WORK INSTRUCTIONS: Excluding pictures, retype the line with "HOLLYWOOD, CA - DEZEMBER" and each line that follows it to the end of the data below, word for word.

COLLECTED MATERIAL:

^^^^^^^^

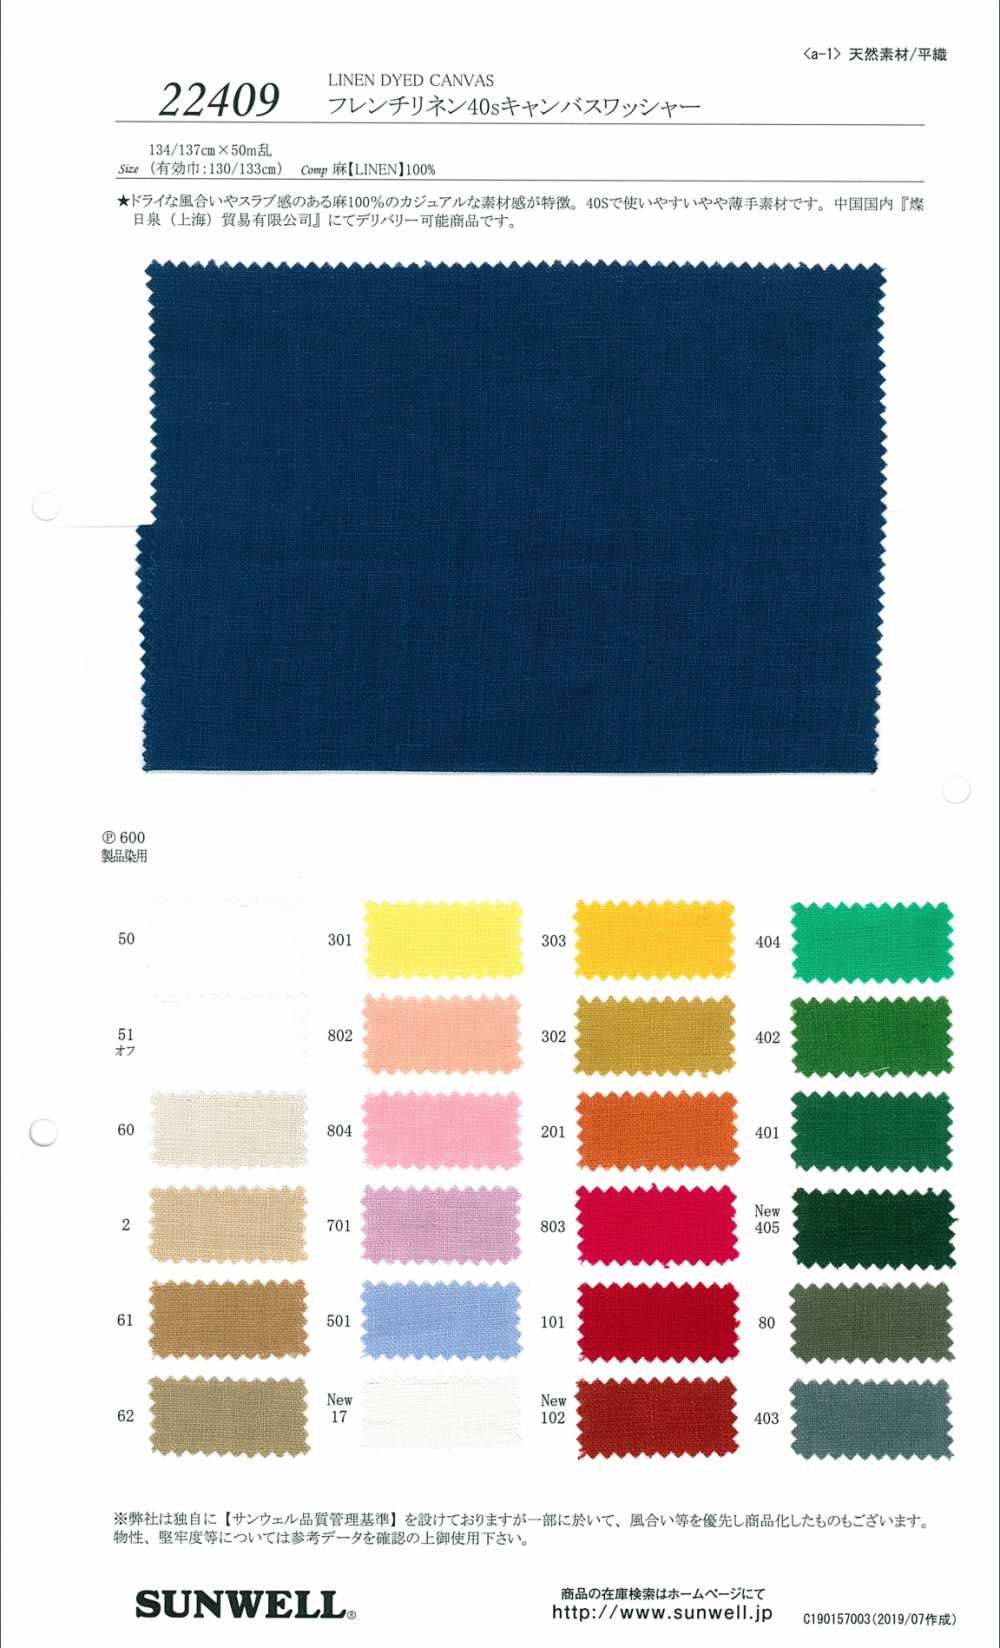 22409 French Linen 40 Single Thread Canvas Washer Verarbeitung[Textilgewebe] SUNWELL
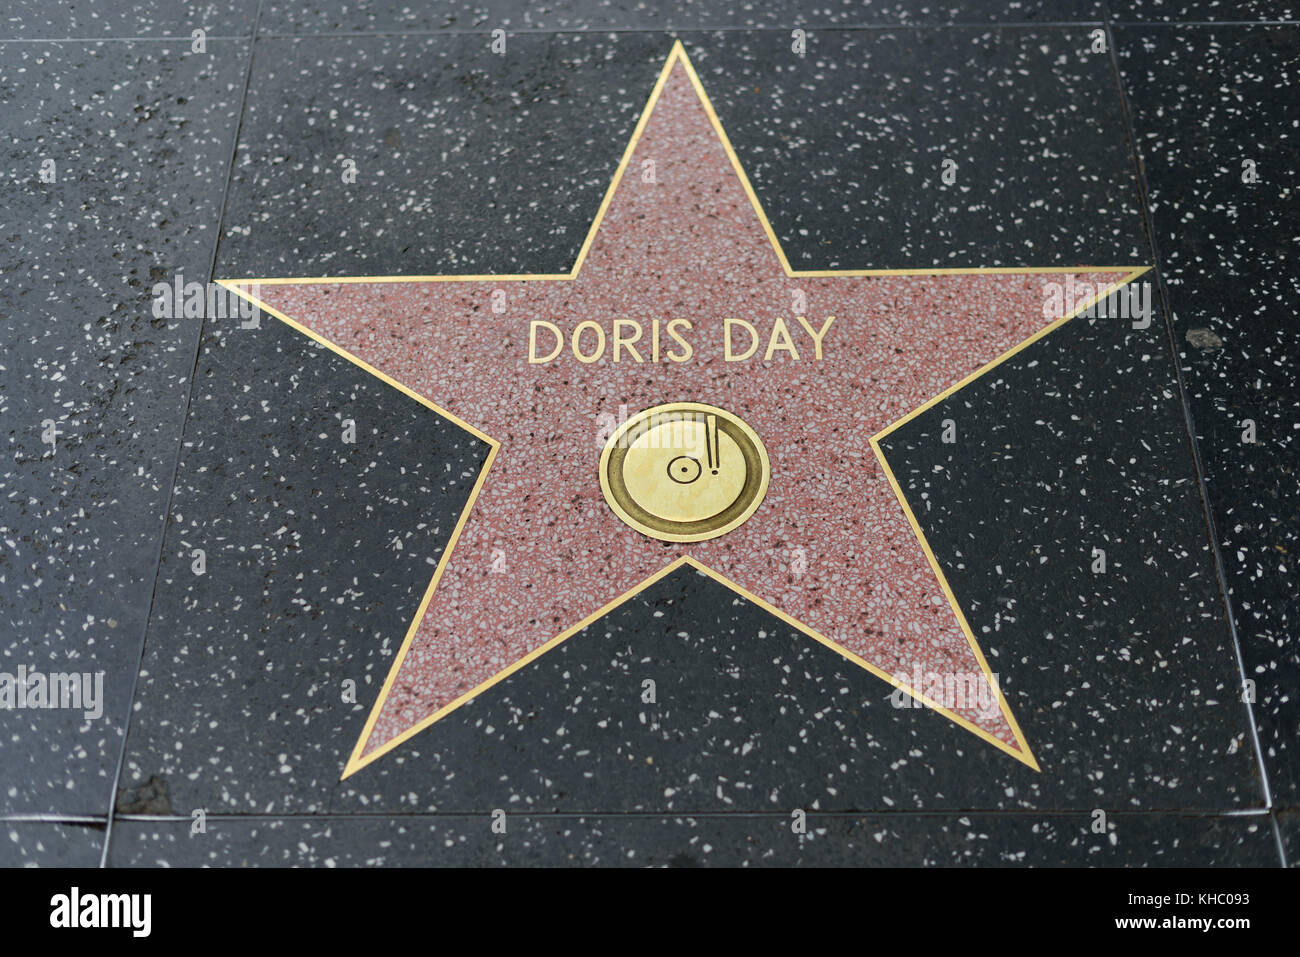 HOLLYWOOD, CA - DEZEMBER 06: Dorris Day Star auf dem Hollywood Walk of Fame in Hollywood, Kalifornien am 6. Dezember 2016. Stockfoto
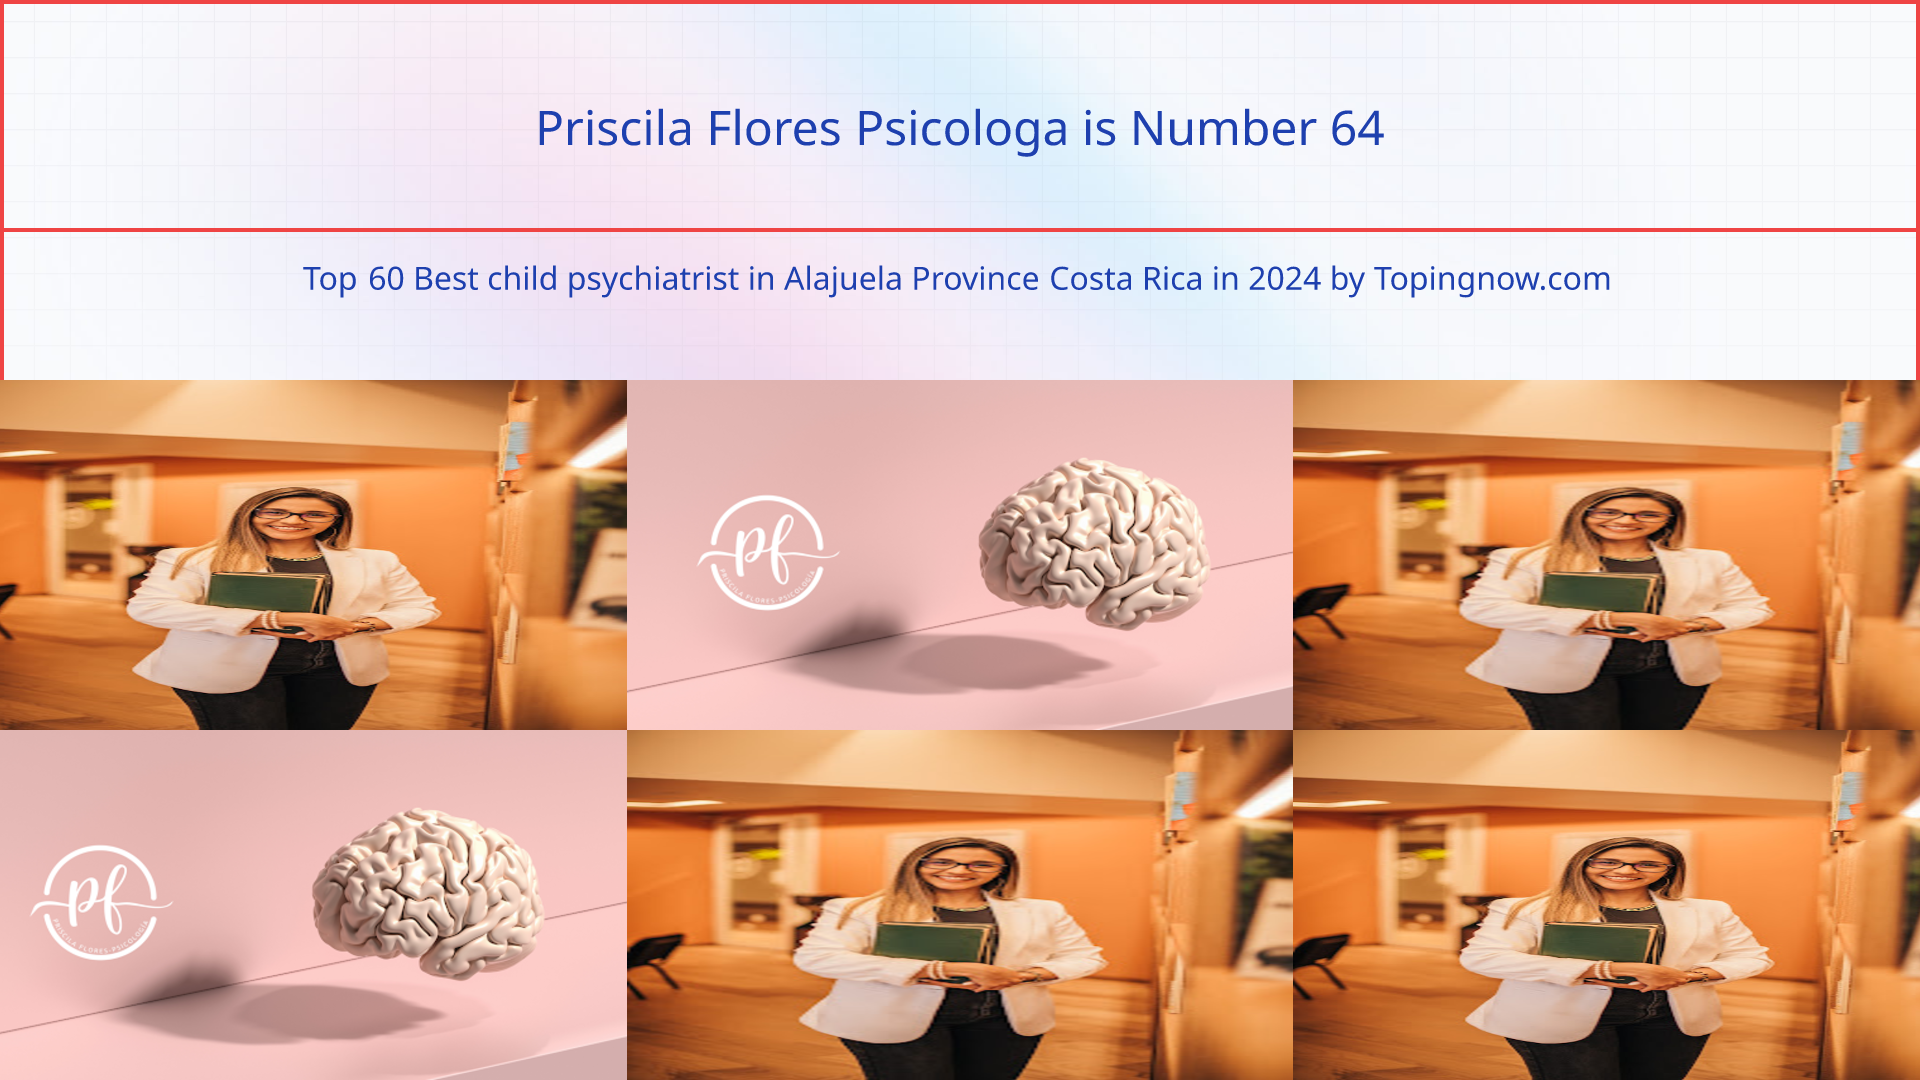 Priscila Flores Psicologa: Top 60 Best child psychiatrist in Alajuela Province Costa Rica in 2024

^^^^^^^^

RESPONSE AREA:
 HOLLYWOOD, CA - DEZEMBER 06: Dorris Day Star auf dem Hollywood Walk of Fame in Hollywood, Kalifornien am 6. Dezember 2016. Stockfoto
 Priscila Flores Psicologa: Top 60 Best child psychiatrist in Alajuela Province Costa Rica in 2024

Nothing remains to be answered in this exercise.